Below are some entries. Transcribe the lines from the one holding "Provinz-Martini in Kempten" to the one holding "John Brown, Jr. correspondence - 4", inclusive, but not the pictures among them.

◆ RECORDED DATA:
-------------------------
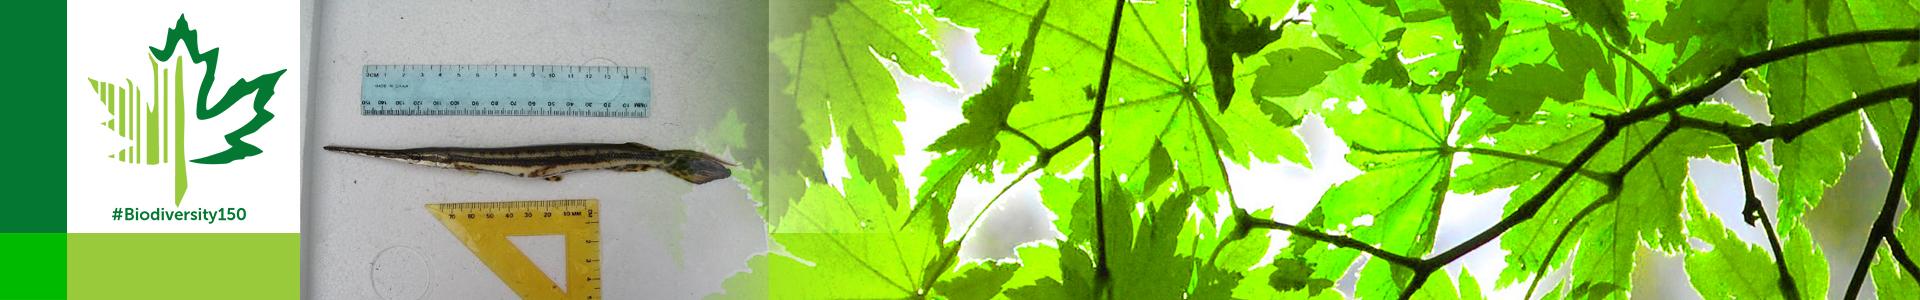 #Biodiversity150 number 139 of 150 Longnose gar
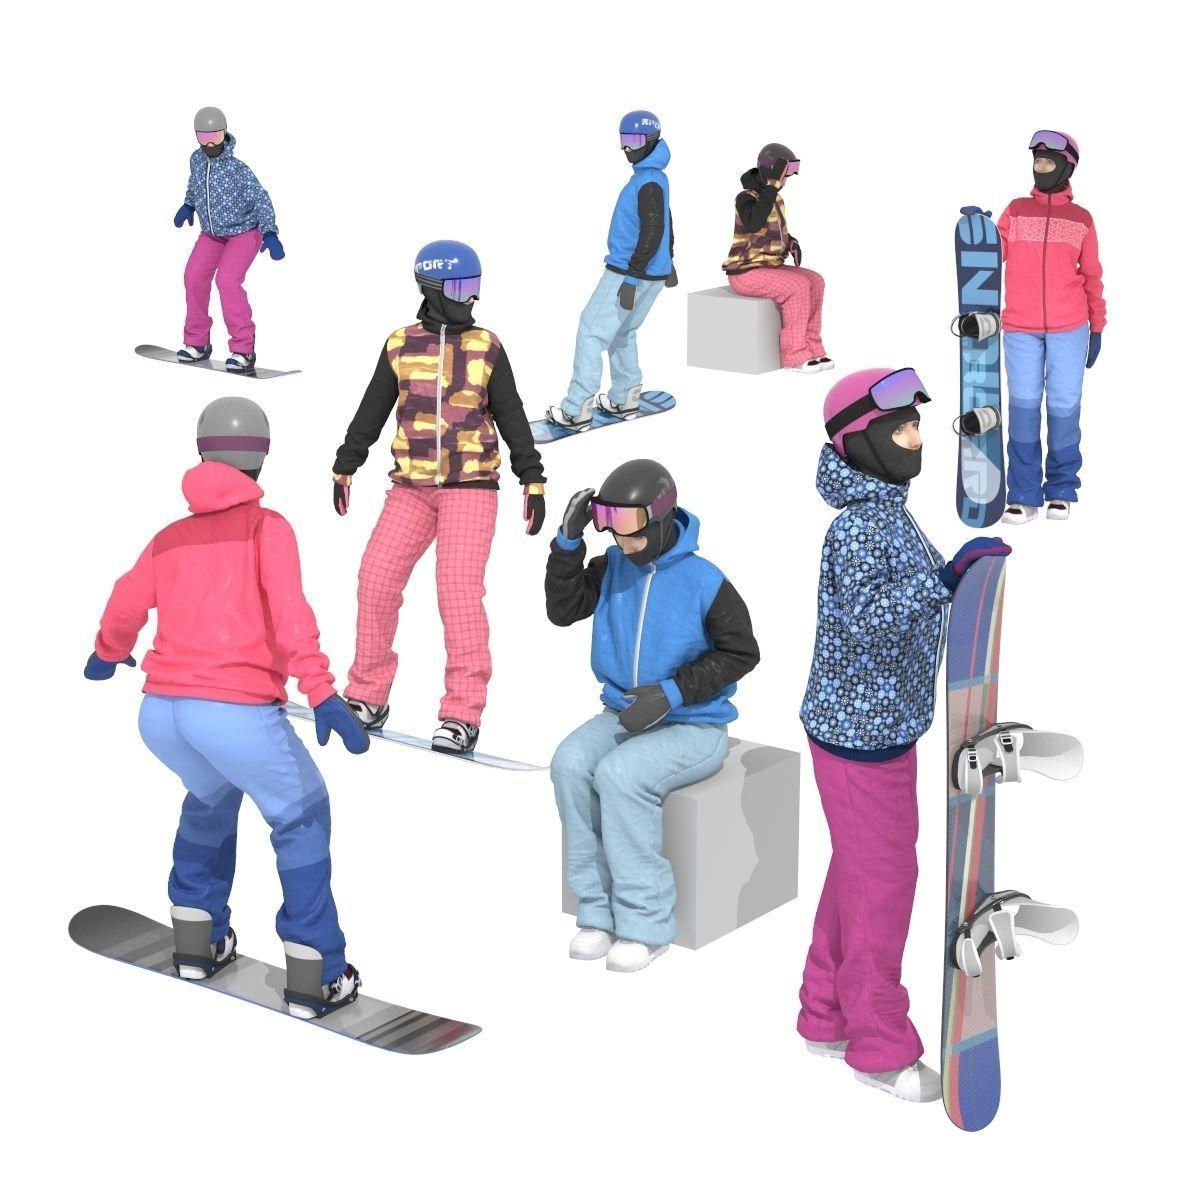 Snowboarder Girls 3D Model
-------------------------
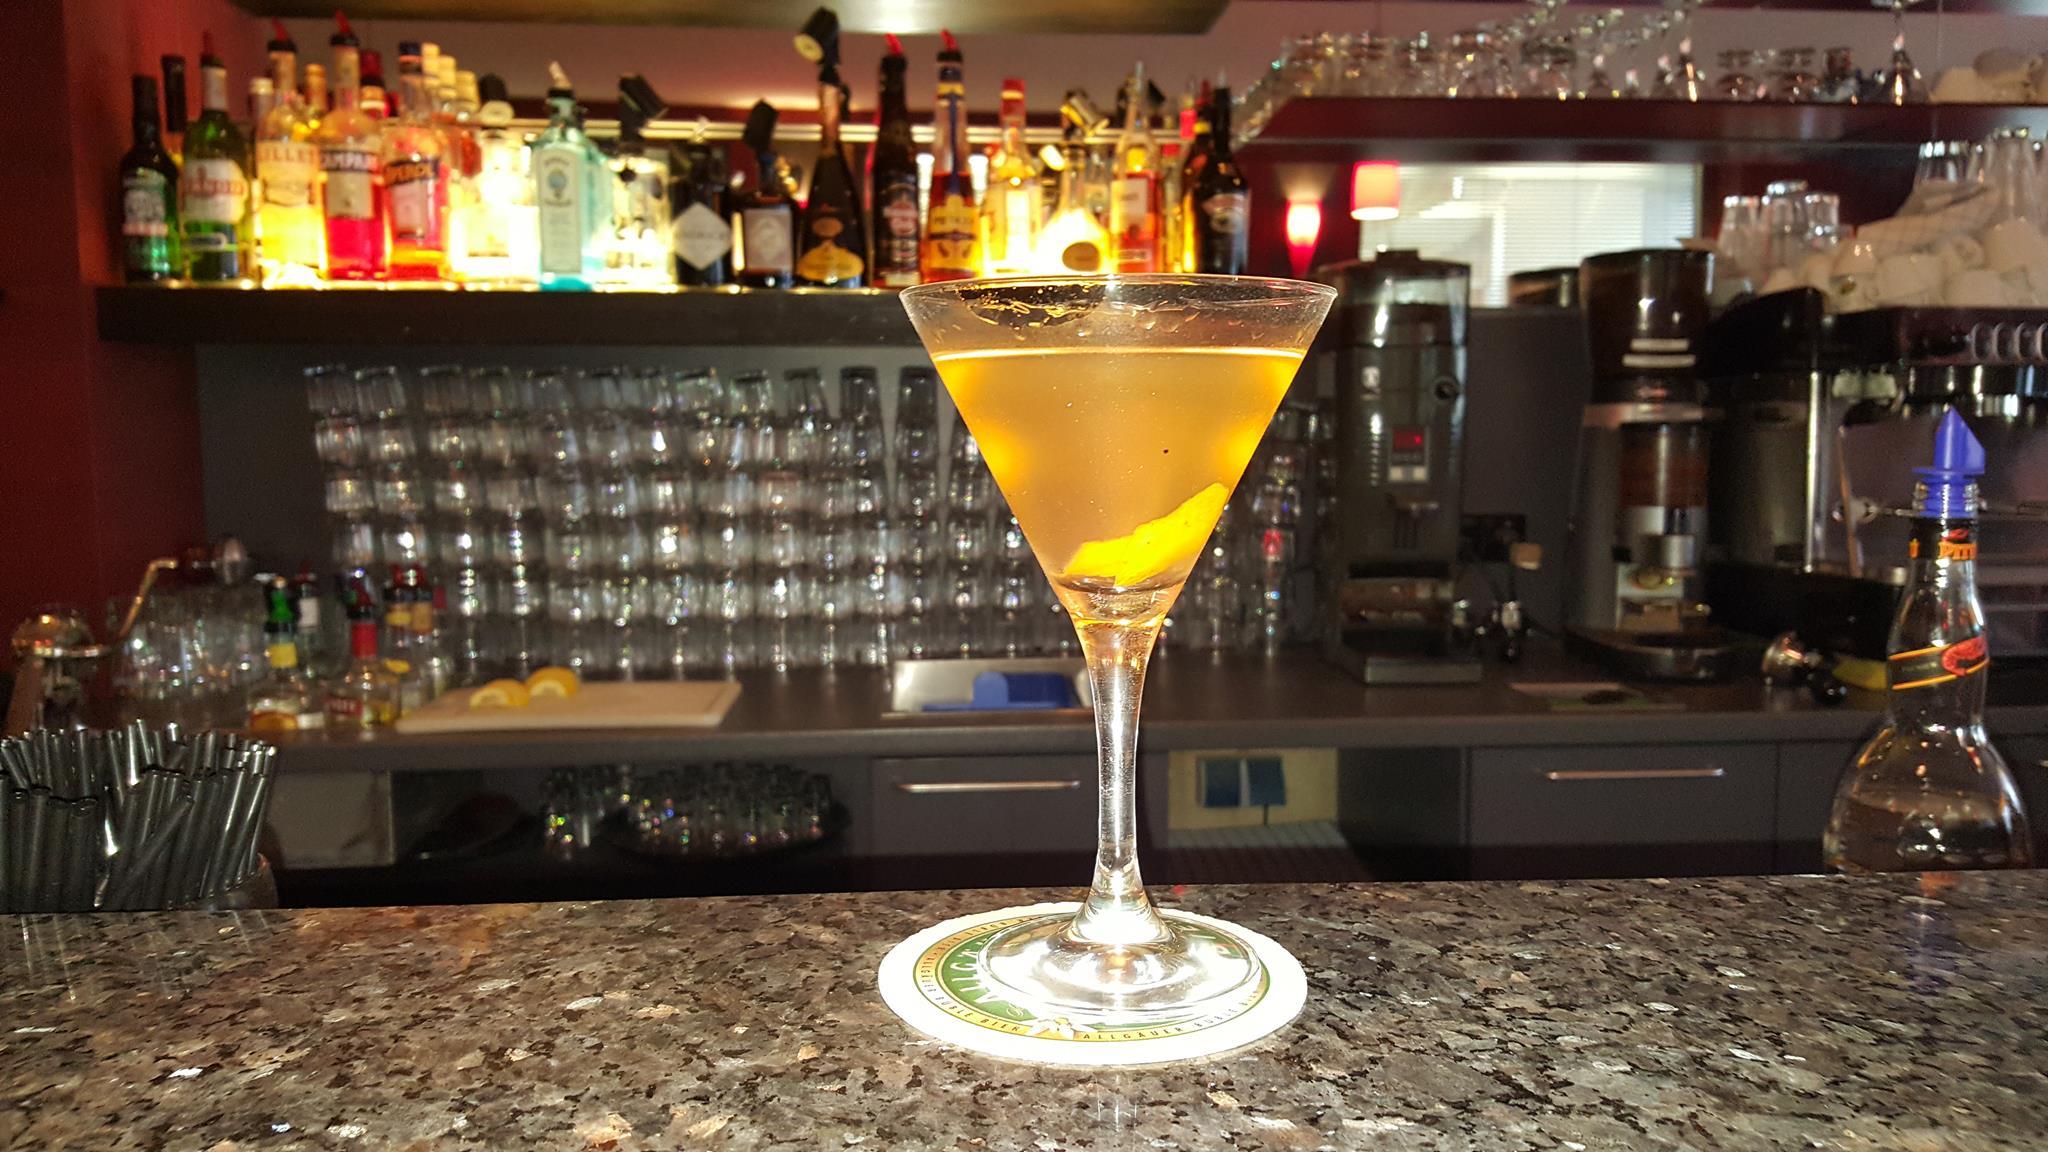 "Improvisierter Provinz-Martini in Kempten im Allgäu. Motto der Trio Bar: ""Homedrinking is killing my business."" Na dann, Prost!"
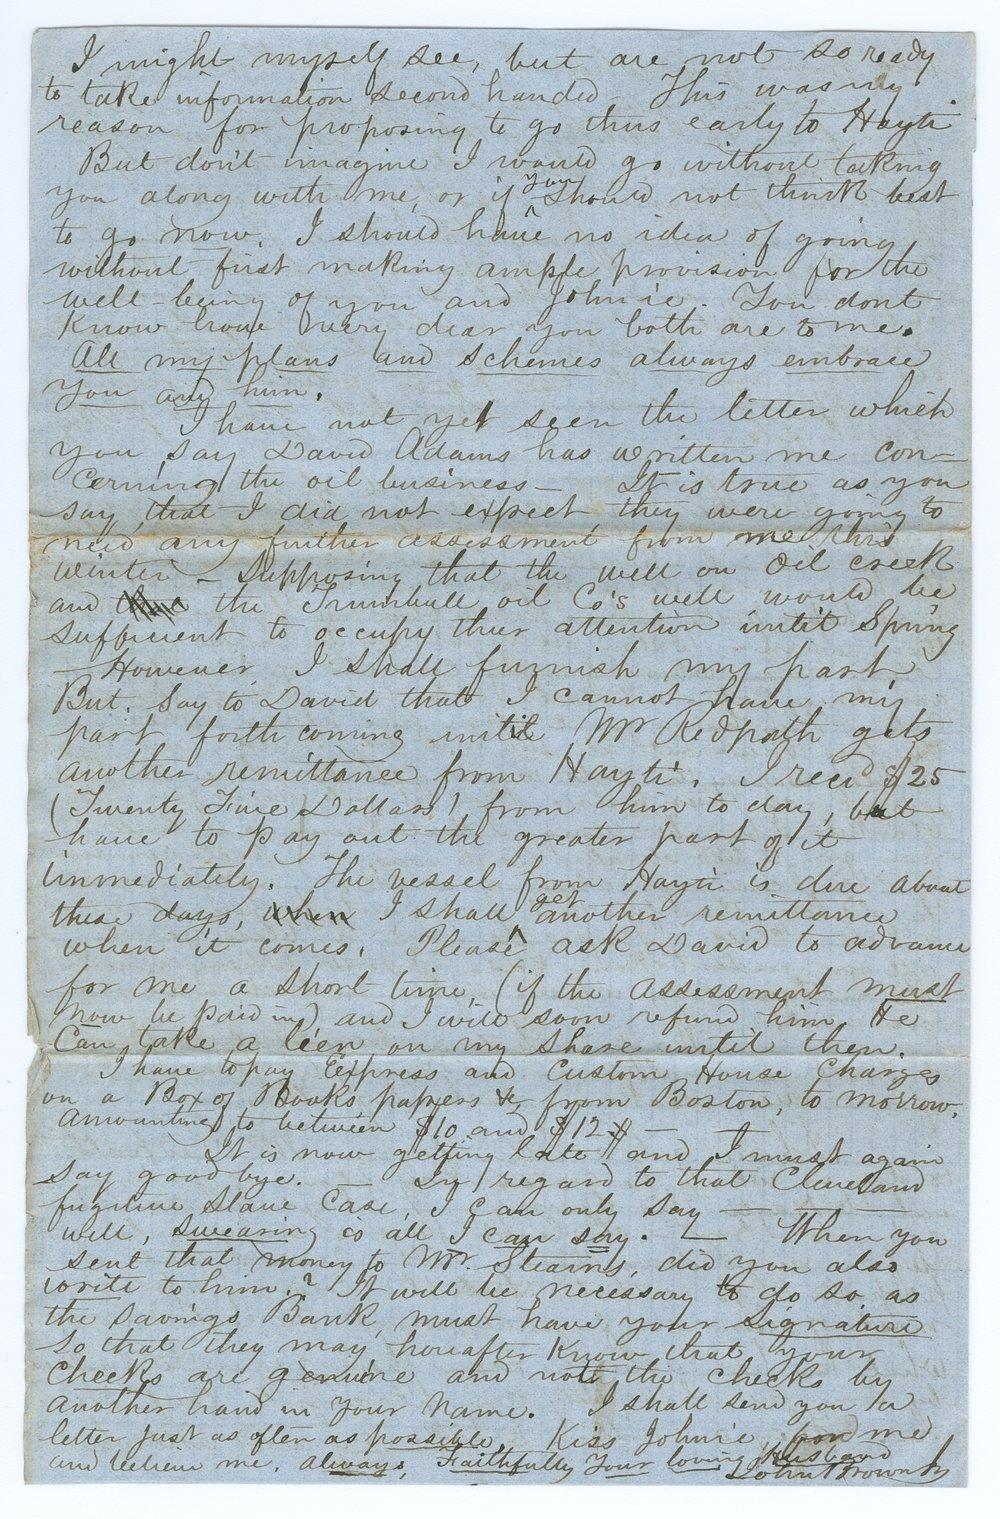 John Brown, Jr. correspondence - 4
-------------------------
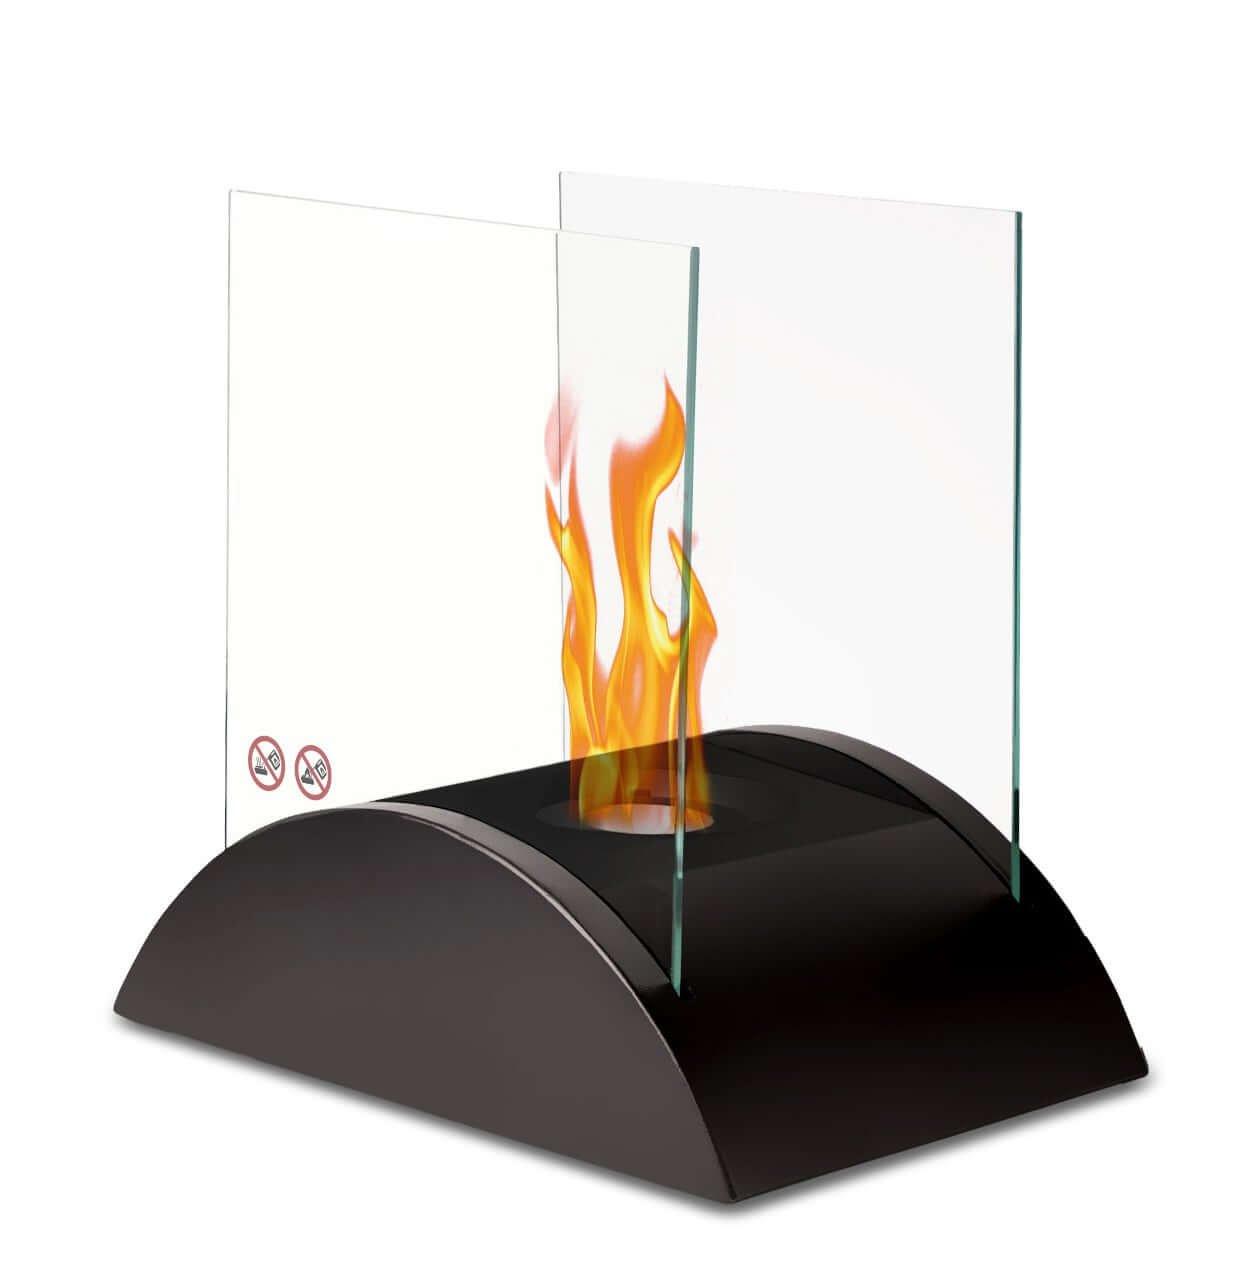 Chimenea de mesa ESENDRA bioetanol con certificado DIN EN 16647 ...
-------------------------
◆ ANSWER SPACE:
 "Improvisierter Provinz-Martini in Kempten im Allgäu. Motto der Trio Bar: ""Homedrinking is killing my business."" Na dann, Prost!"
 John Brown, Jr. correspondence - 4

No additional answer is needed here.